Selasa, 28 Juli 2009

Keroncong..??? Siapa Takut...!!!

Beberapa waktu yag lalu ketika sedang berdialog di kelas, saya melempar pertanyaan kepada murid-murid jenius saya. Begini...
"Nak, apa yang kalian ketahui tentang musik keroncong?."
Lalu gemuruh jawaban menderu bak angin puyuh yang membikin rambut saya jadi berkibar-kibar (padahal selama menjadi guru, rambut saya tidak pernah panjang hehe). Jawaban jawaban itu akhirnya bisa saya urai satu demi satu.
" Musik kegemaran opa oma saya Bu," jawab si A.
"Yang pake gitar kecil-kecil itu Bu," jawab yang lain.
"Yang biasa dimainin pengamen di perempatan," mulai mengkerut jidat saya.
"Nggak tau ah Bu, jadul pokoknya. Nggak asik pokoknya. Asikan MCR Bu, tau kan?" jidat makin mengkerut kayak mummi.
"Kalo di buku paket tertulis musik yang akarnya dari Portugis," masih mending ada dasar ilmiahnya.
Lalu tiba-tiba ada umpan balik yang membikin "mak kliyeng" ini kepala.
"Lah, kalau menurut bu Guru sendiri apa ?," gleg.
Untung saya sudah punya sifat anti jaim di kelas. Langsung saya jawab," pengetahuan bu Guru sendiri tentang musik keroncong masih sedikit. Makanya bu Guru ajak kalian berdiskusi untuk tukar pengertian. Eh, kok jawabannya pada ngawur," sambil tersenyum lega karena murid-murid tidak ngeBom saya dengan kata "huuuuuu".

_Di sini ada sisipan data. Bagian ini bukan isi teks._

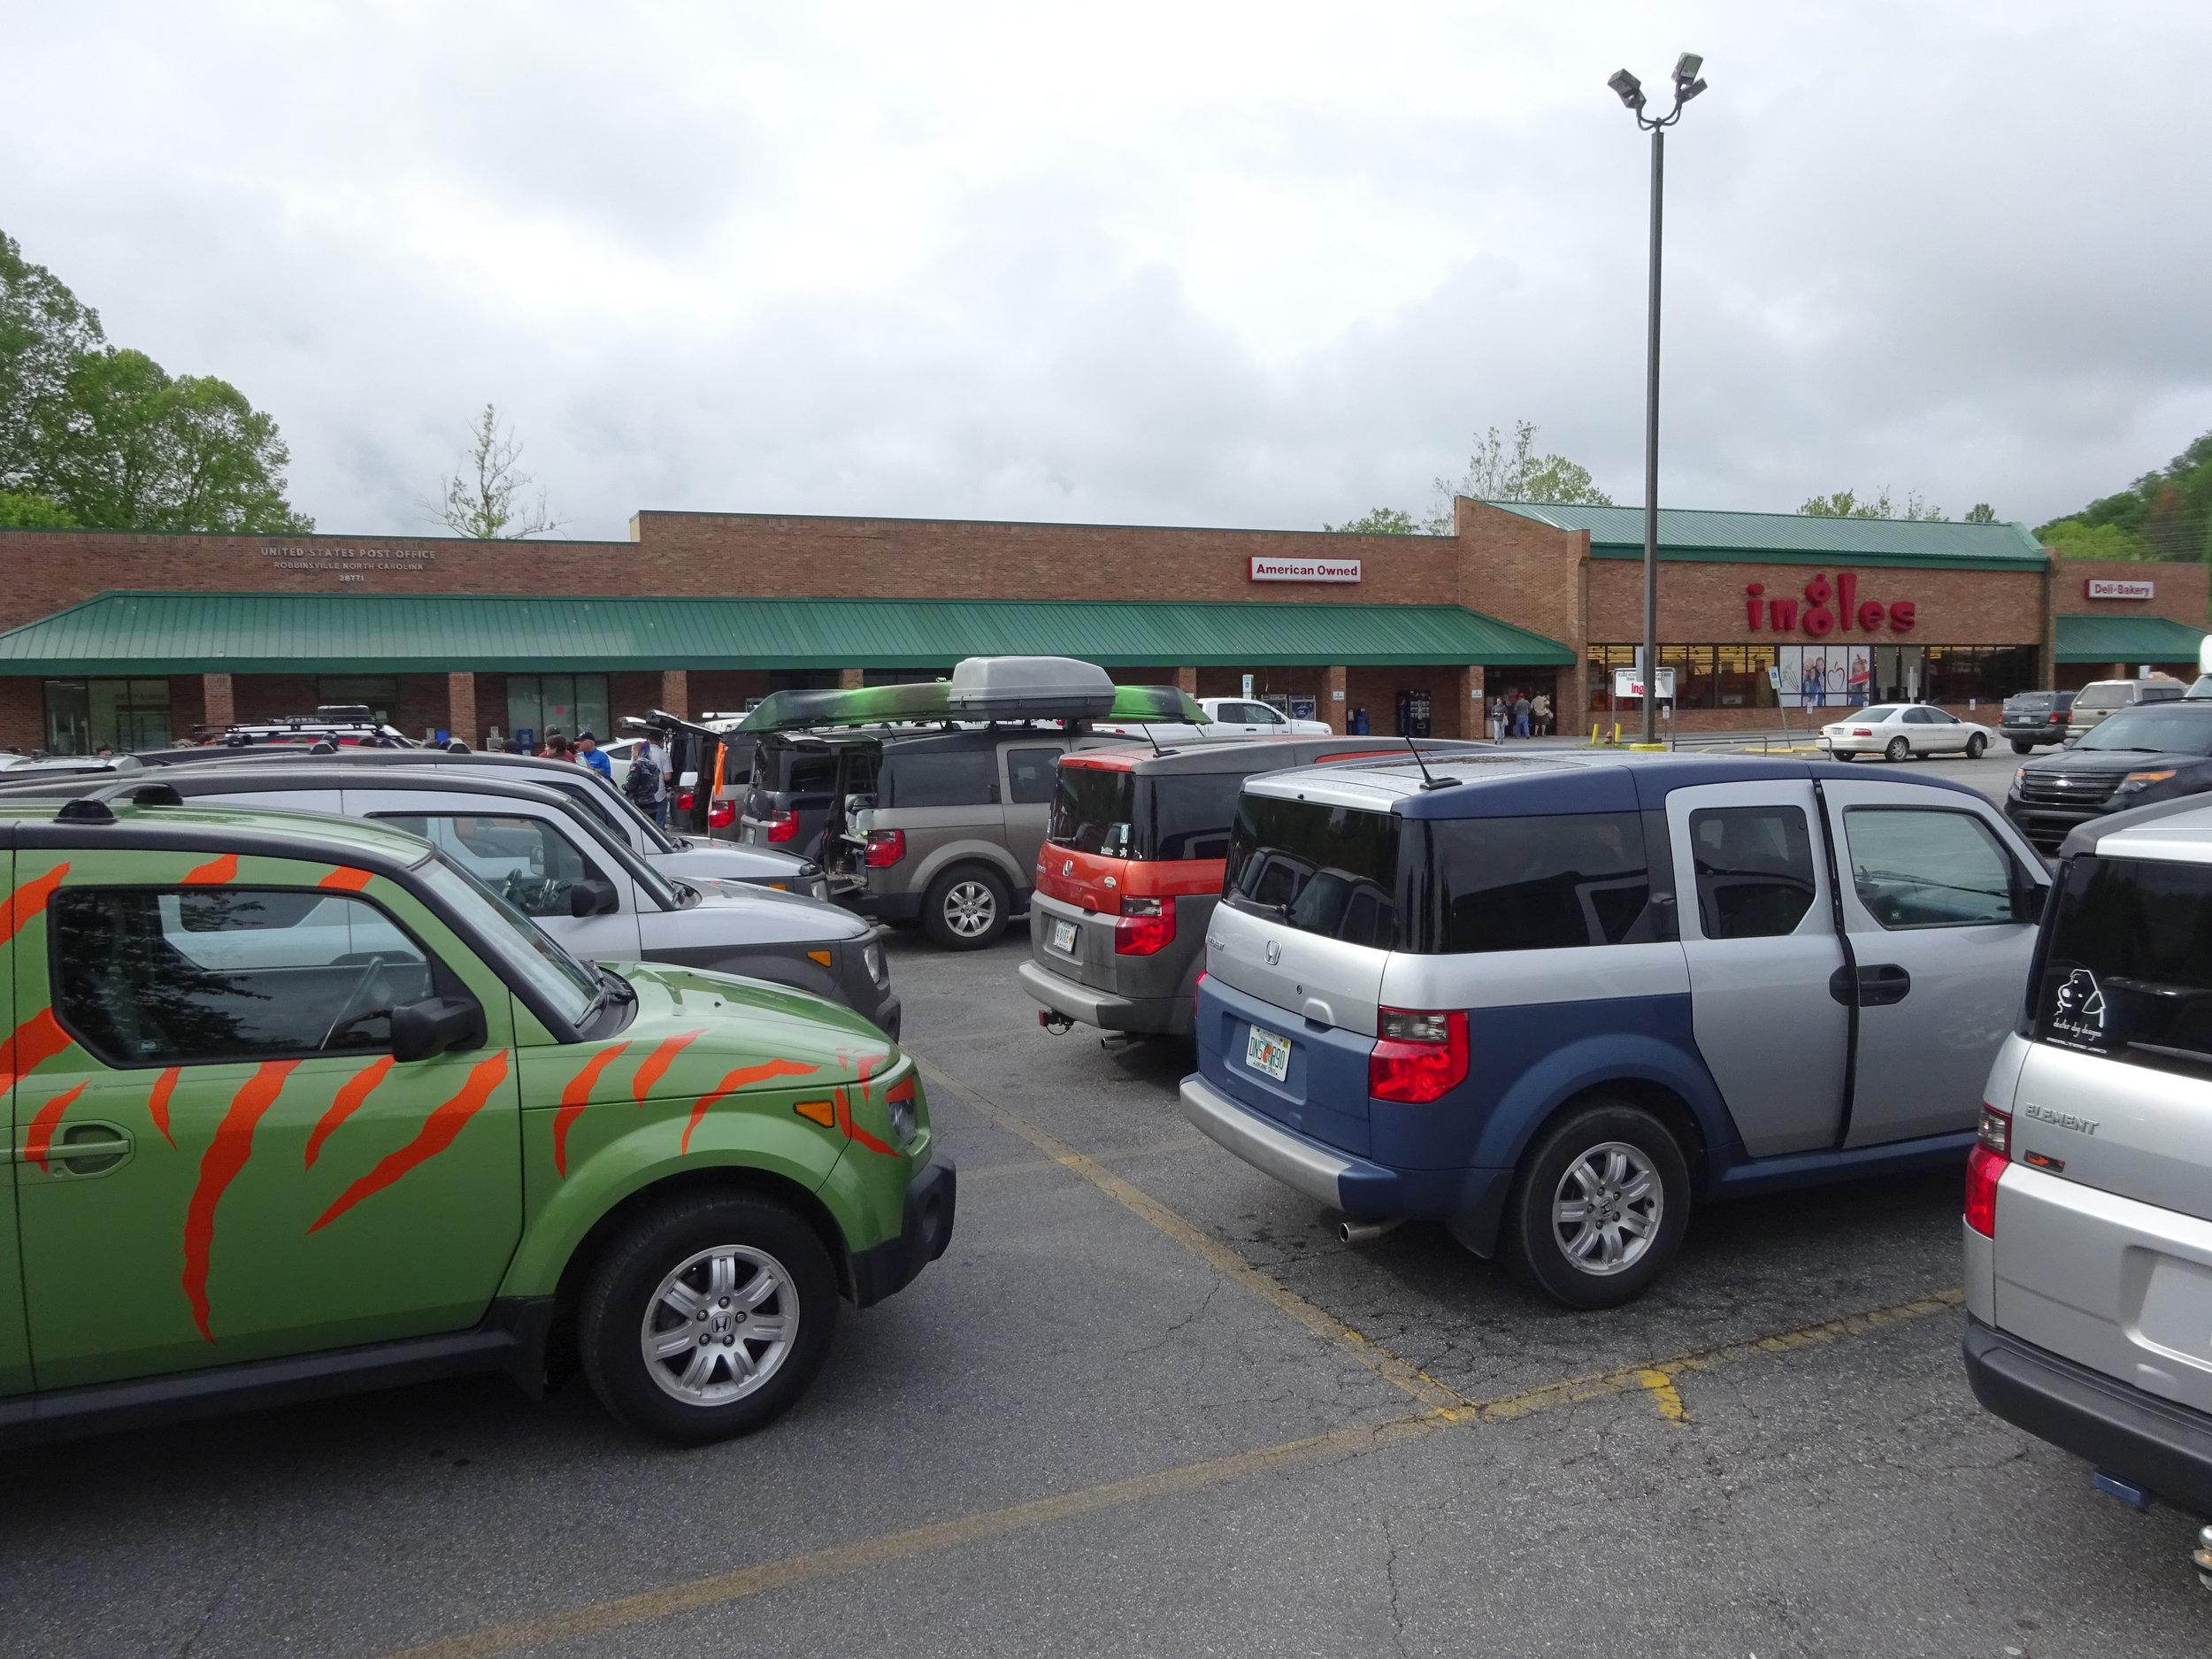 Meet Here Before 9AM - parking lot meetup location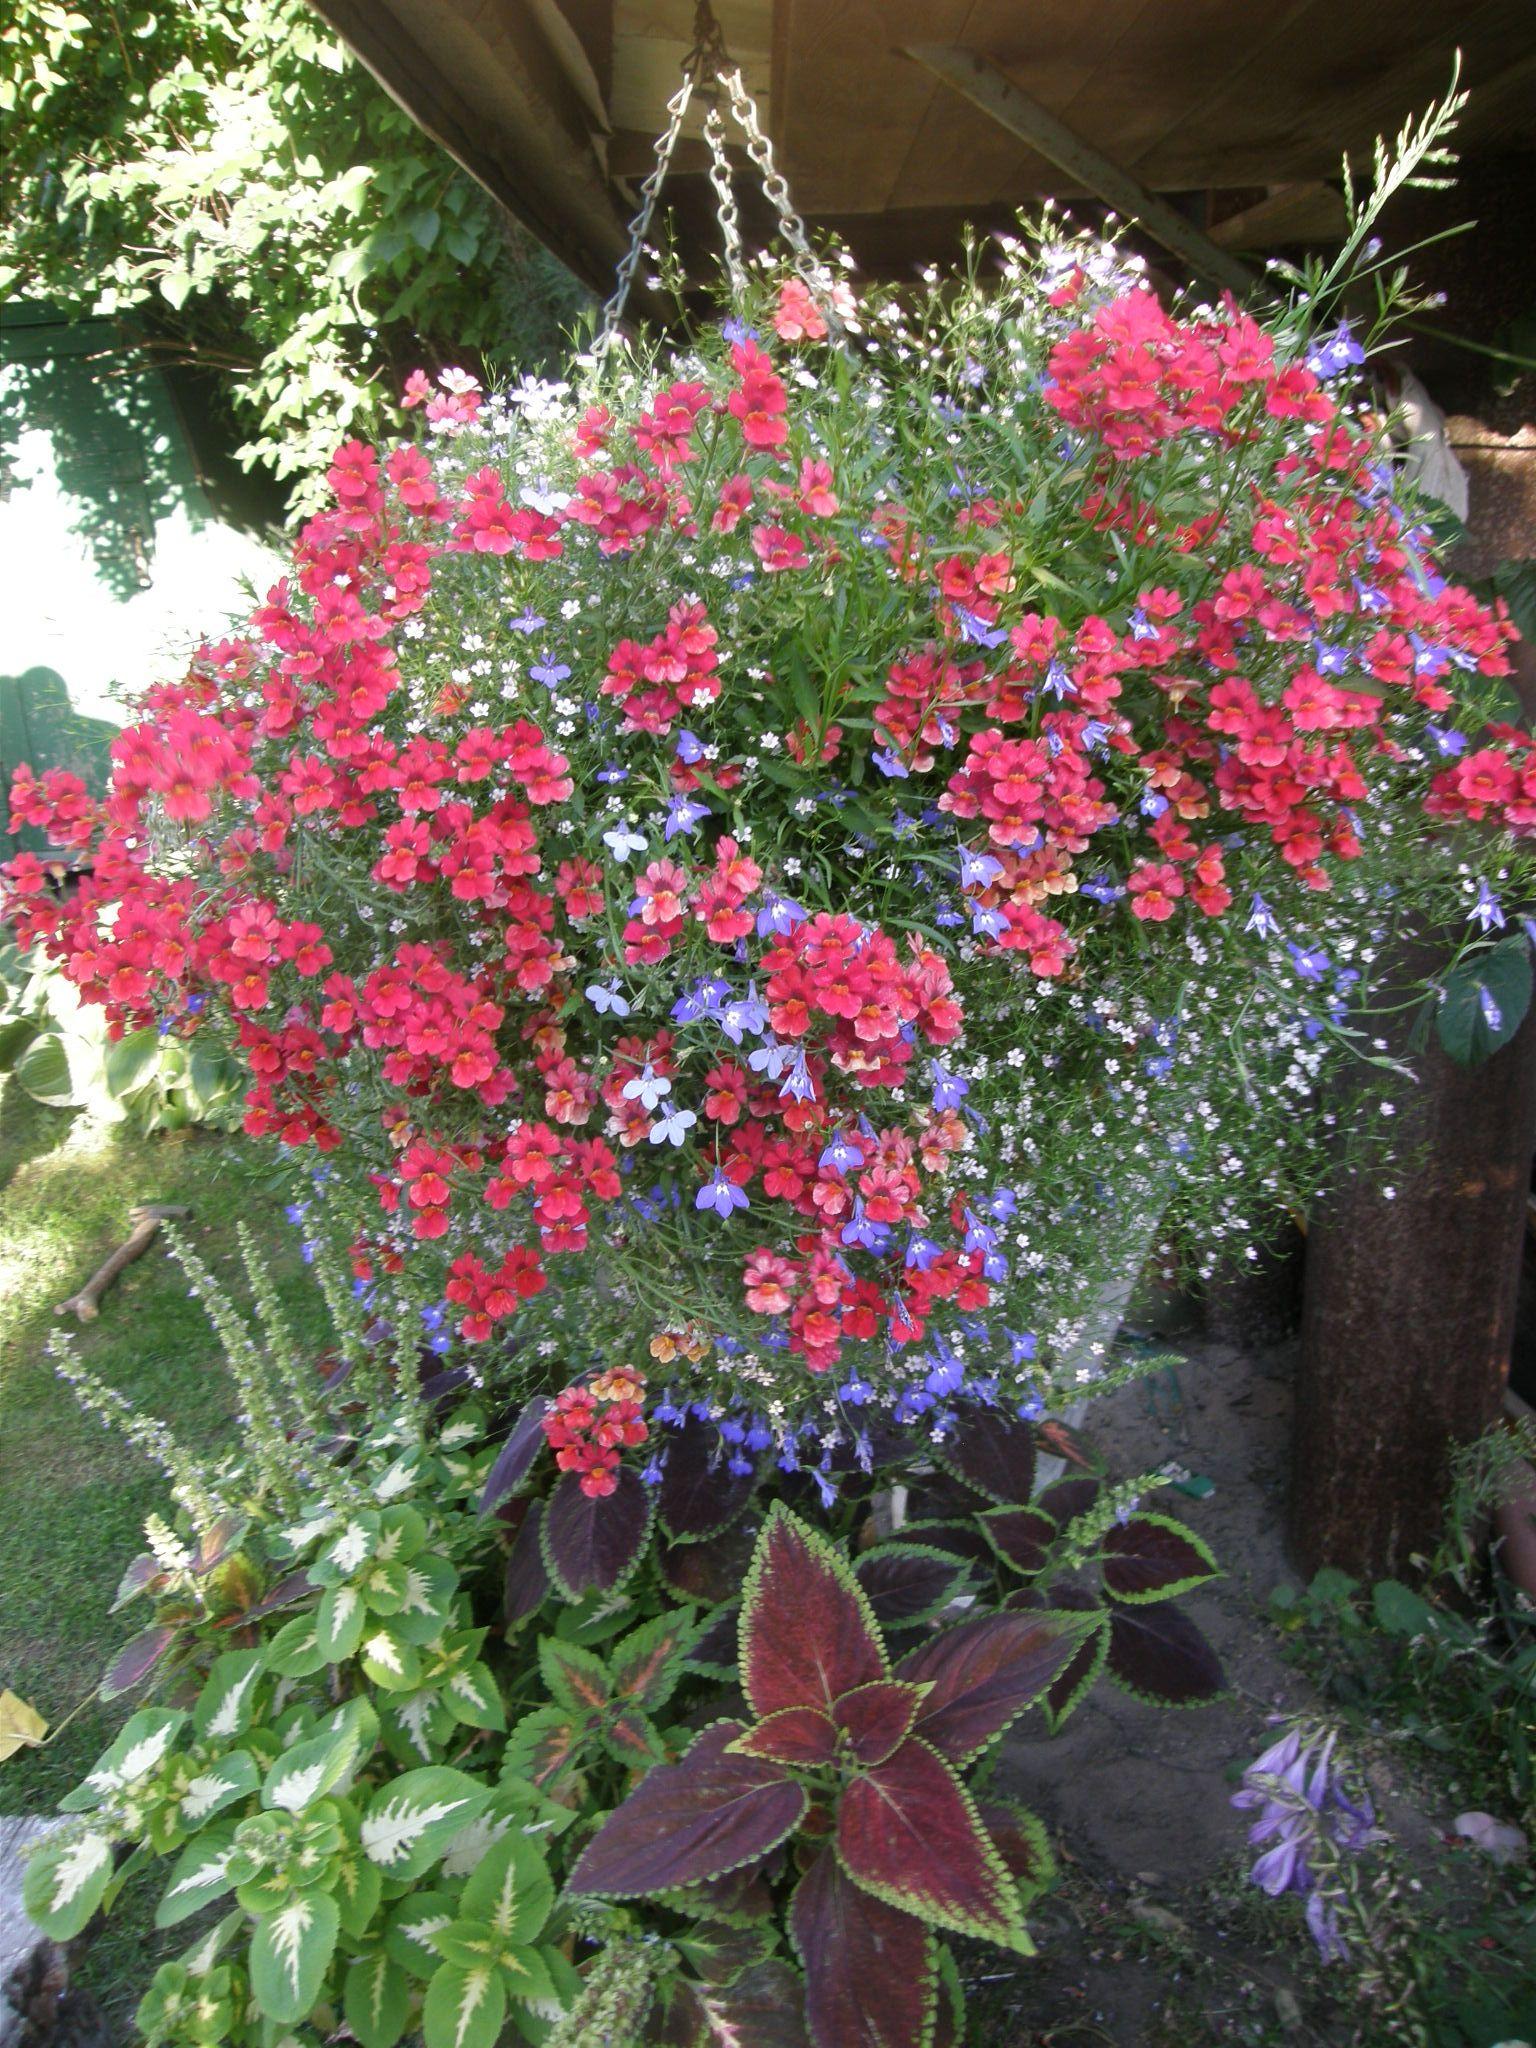 Hanging Basket With Lobelia Nemesia And Gypsophila Very Bright

Beberapa waktu berlalu, hingga saya dapat undangan untuk mengikuti SEMINAR KERONCONG UNFORGETABLE dengan narasumber Singgih Sanjaya, Dosen ISI, komposer dan arranger, (putrinya adalah alumni SMP N 5 Yogyakarta), dan Queen Of Keroncong, Tante, Ibu, Oma Waldjinah yang terkenal dengan Walangkekeknya. Narasumber lain adalah Pak Wawan, wartawan SKH Kedaulatan Rakyat yang banyak menulis berita tentang Seni dan Budaya dan dipanu oleh mas Imung, Dosen Flute sekaligus praktisi keroncong.

Awalnya saya merasa seperti perempuan di sarang penyamun, karena peserta seminar adalah rata-rata pemain keroncong senior, penikmat serta pengamat keroncong. Lha saya, jangankan main, mendengarkan pun jarang. Meski begitu, saya tidak alergi dengan jenis musik ini.
Kemudian ketika dialog mengalir dengan santai, tanpa istilah-istilah ilmiah yang njlimet, apalagi Oma Waldjinah, bercerita tentang pengalamannya sebagai penyanyi keroncong sangat lugu dan segar, perahan membuka pemikiran saya secara lebih luas tentang musik keroncong.

Jika dulu, semasa kuliah, teknik-teknik bermain yang dikejar, maka dari dialog seminar tadi, ada pengetahuan baru tentang nilai-nilai luhur yang dikandung oleh musik Keroncong.
Akibatnya saya menjadi tidak sabar untuk menunggu hari Rabu malam, tanggal 29 Juli 2009 yang mana akan diselenggarakan Concert Orkestra Keroncong dengan tema Unforgetable Keroncong. Terus terang saya penasaran. Keroncong dipentaskan dengan format orkestra, bukan itu saja, ada pembaharuan kreatifitas dalam musik Keroncong yang akan disajikan dalam konser tersebut.

Ah, andaikan saya bisa mengajak seluruh murid-murid saya untuk menonton acara tersebut, mungkin tiket seharga 10.000 untuk kelas festival dan 25.000 untuk kelas VIP tidak akan bernilai apa-apa dibandingkan dengan pengalaman musik yang akan di dapat dan berharap dari melihat karya anak bangsa tersebut, tumbuh paling tidak satu benih untuk tetap melestarikan musik asli Indonesia ini.